When Goals Become Expectations it’s Time to Explore Possibilities

You are probably unaware that your mind is filled with expectations that control much of what you do. For some it’s unlikely that they know how their expectations evolved. It usually starts with a desire, which becomes a goal, then an assumption and finally an expectation. These expectations can create pressure, limit your imagination and blind you to possibilities.

You may have developed a rigid view of how your career is suppose to unfold of you may have a list of what you will need to be successful. The “success list” may not have been proven to be realistic and some of the expectations that have been met may have not brought you joy. You may have expectations on how coworkers are supposed to treat you or how being a top performer is suppose to feel like.

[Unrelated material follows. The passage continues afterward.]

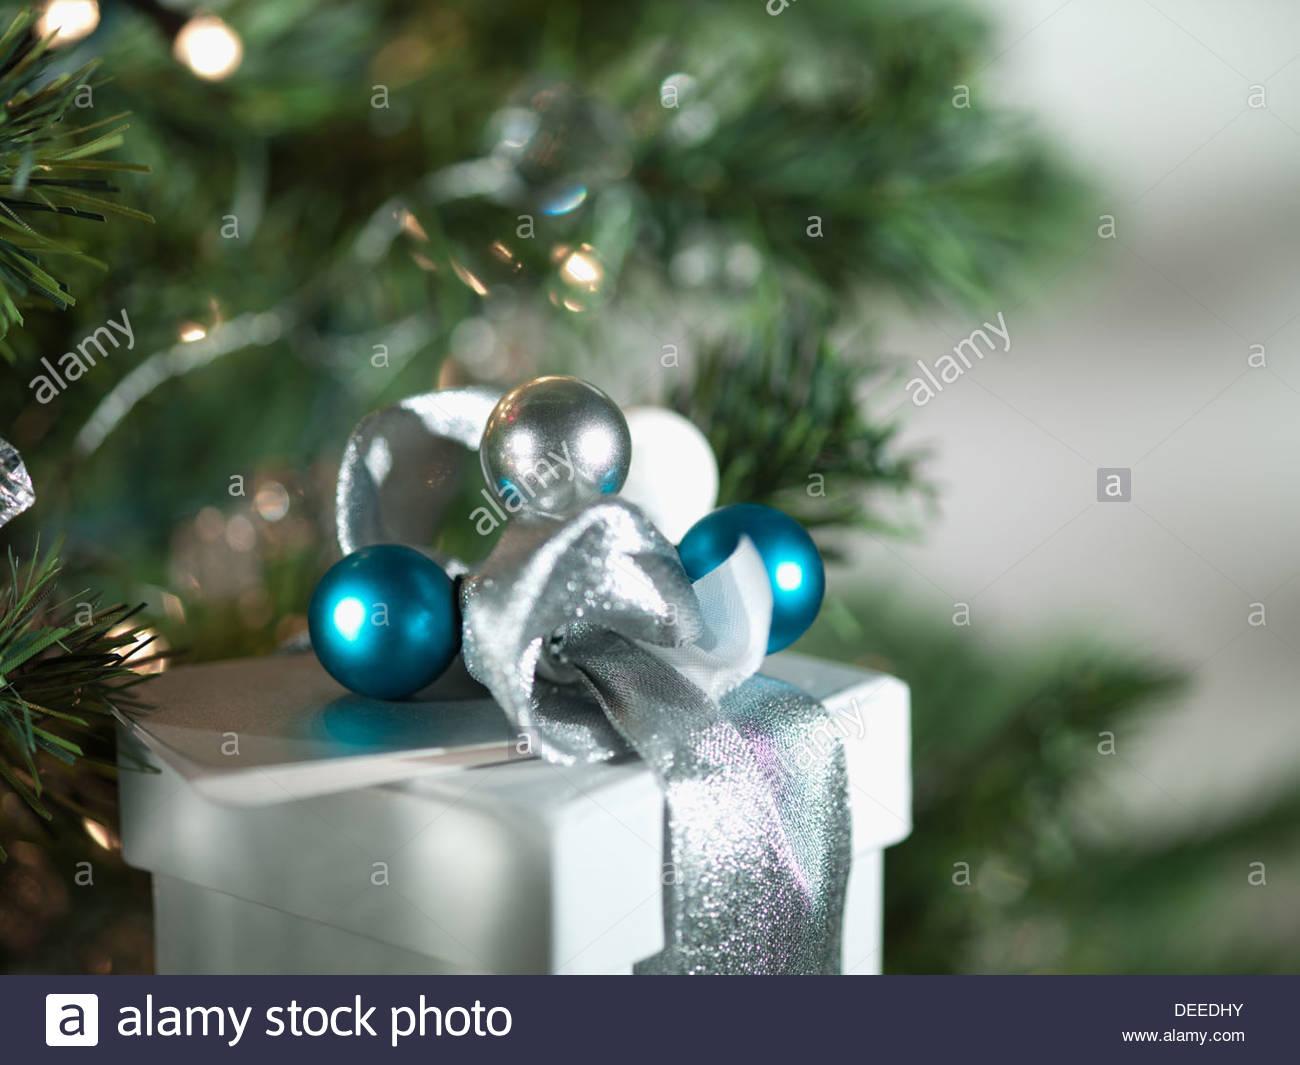 Regalos de Navidad con cinta de plata y envolver Imagen De Stock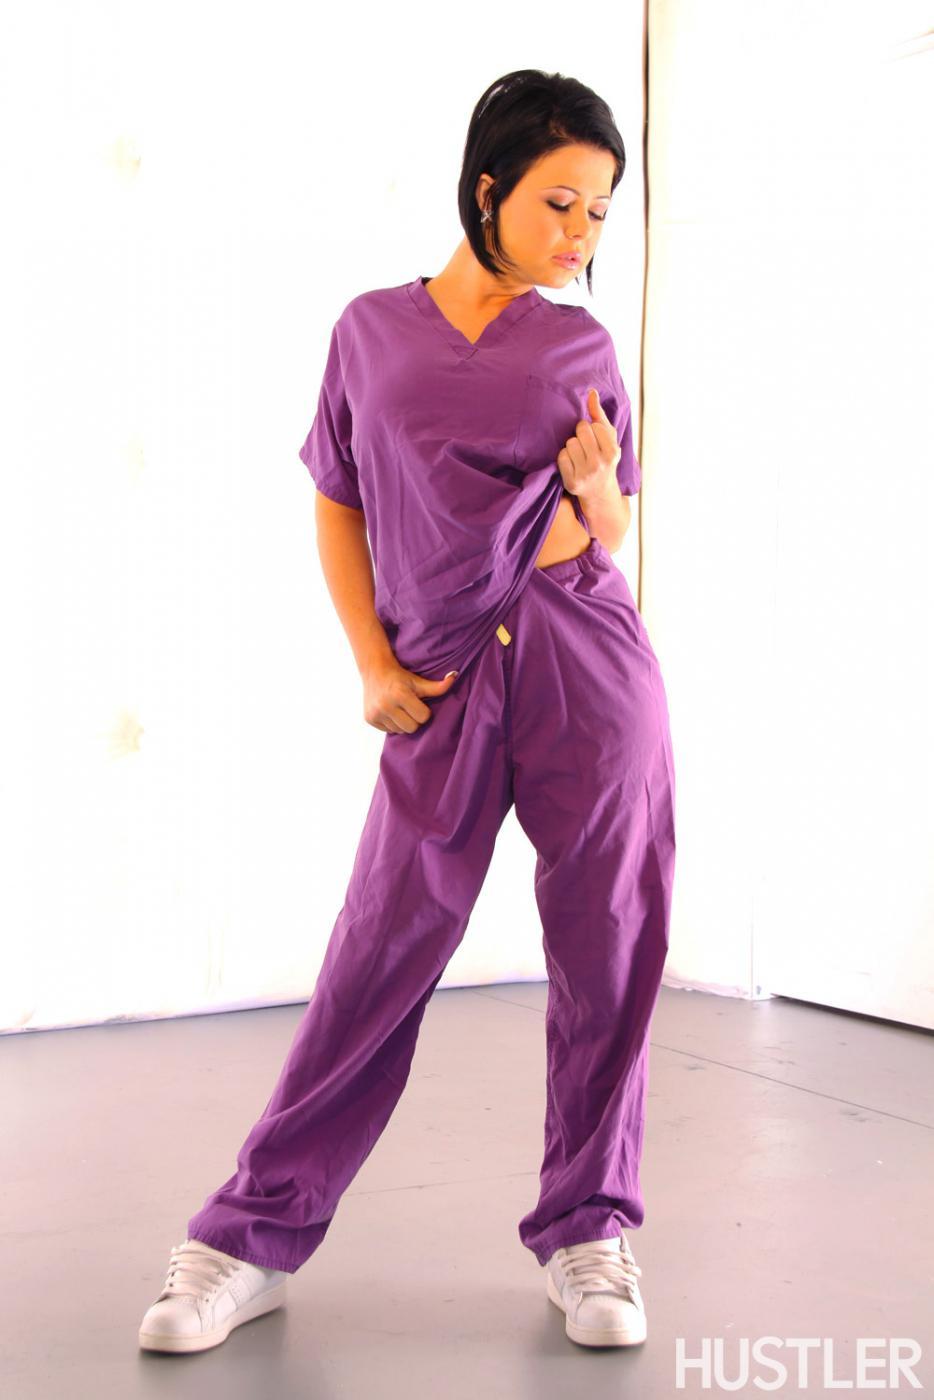 Титькастая темноволосая девка Loni Evans стаскивает фиолетовую униформу и черное нижнее белье

You may have high, low or even negative expectations about what is doable in your career. These expectations can be what we expect of ourselves, what others expect of us or what we expect of them. Unrealistic high expectations can bring disappointments and negative expectations can lead to unwillingness to try something new.

There are large and small expectations that we create. For example, you may have a small expectation that your phone’s battery will last long enough for a quick call and get impatient when it starts to shut down.

When goals harden into expectation we lose the satisfaction of accomplishing them. Becoming aware that expectations are steering your life and career will allow you the opportunity to discover where they came from. Hidden expectations can become powerful and can lead you to make poor decisions and distort your view of life.

Possibilities are in the present moment, unlike expectations which are future oriented. By being open to exploring possibilities, you can understand that what you think you want may change with time. There is also a strong chance that there is an outcome that you have not considered.

There is freedom to respond to life rather than react when life goes other that you expected.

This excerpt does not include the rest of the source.